5 thoughts on “Rehmannia Root and Crab Soup: Clear Heat, Nourish Yin Recipe”

  1. This sounds like a perfect dish for those hot, humid days when you need something light yet nourishing. I love how traditional Chinese medicine combines food and healing. Definitely going to try this soup—crab and rehmannia root sounds like a unique pairing!

    Reply
  2. This sounds like a perfect dish for the hot months! I love the idea of combining Rehmannia root with crab—such an elegant way to balance heat and nourish yin. Has anyone tried making this with a different type of crab, like blue crab, or does the recipe call for a specific kind? Would love to hear tips!

    Reply
  3. This sounds like a perfect dish for those hot summer days when you need something nourishing but not heavy. I love how traditional Chinese medicine pairs ingredients like this—crab and rehmannia root together?
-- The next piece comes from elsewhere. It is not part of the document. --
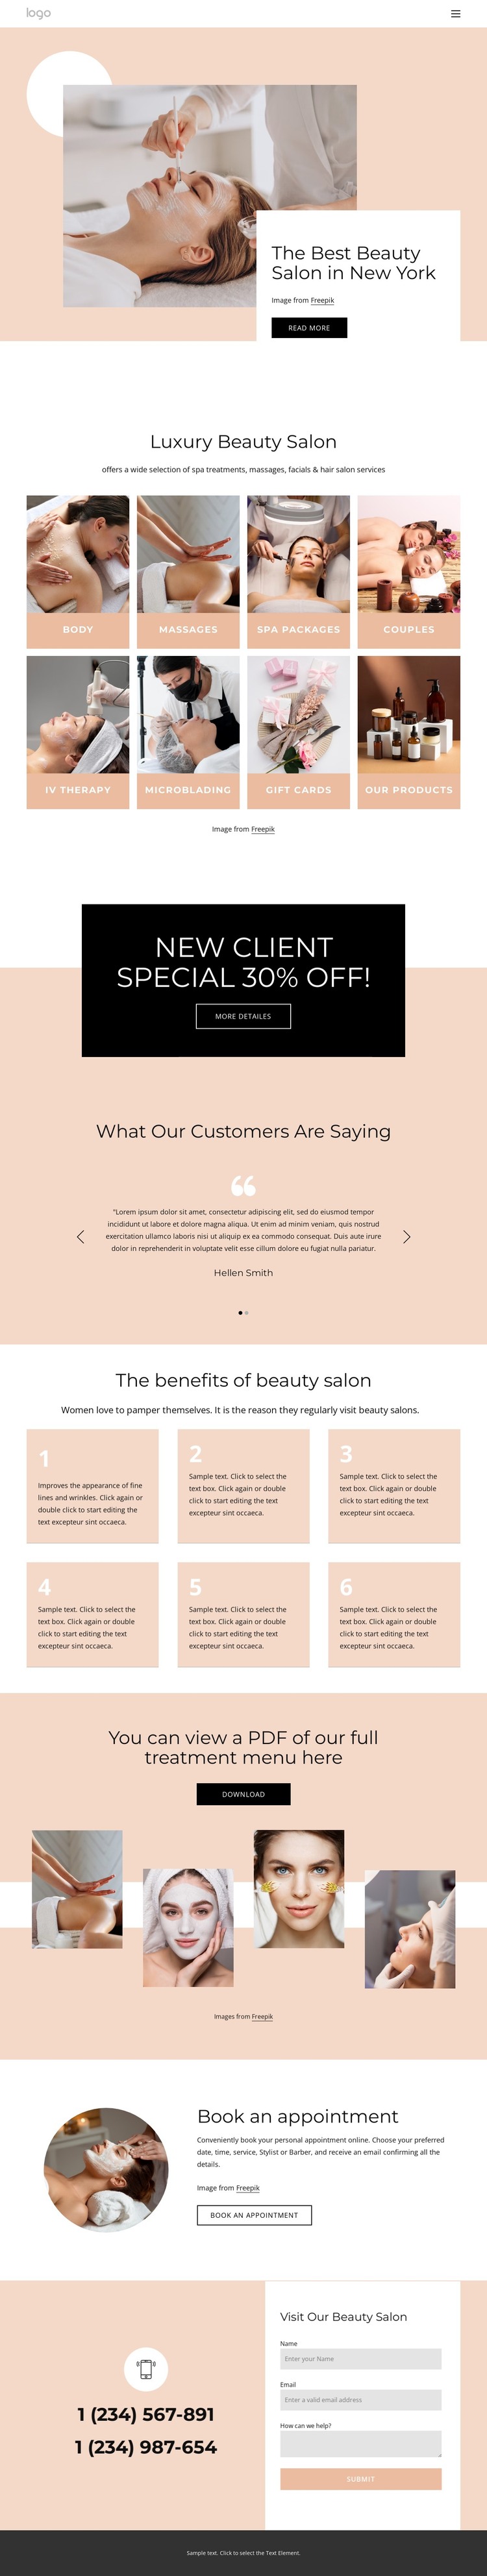 The best beauty salon in NYC Web Design

Genius. Definitely trying this recipe soon! Thanks for sharing.

    Reply
  4. This sounds like such a unique and nourishing soup! I love learning about traditional medicinal foods that combine flavor with health benefits. I’ve been trying to eat more yin-nourishing foods lately, so I’ll definitely have to try this recipe. Thanks for sharing!

    Reply
  5. I love the idea of combining traditional medicine with food! This soup sounds perfect for those hot summer days when you need something cooling but nourishing. Have you tried adding a bit of ginger to balance the crab? Would love to hear how it turned out!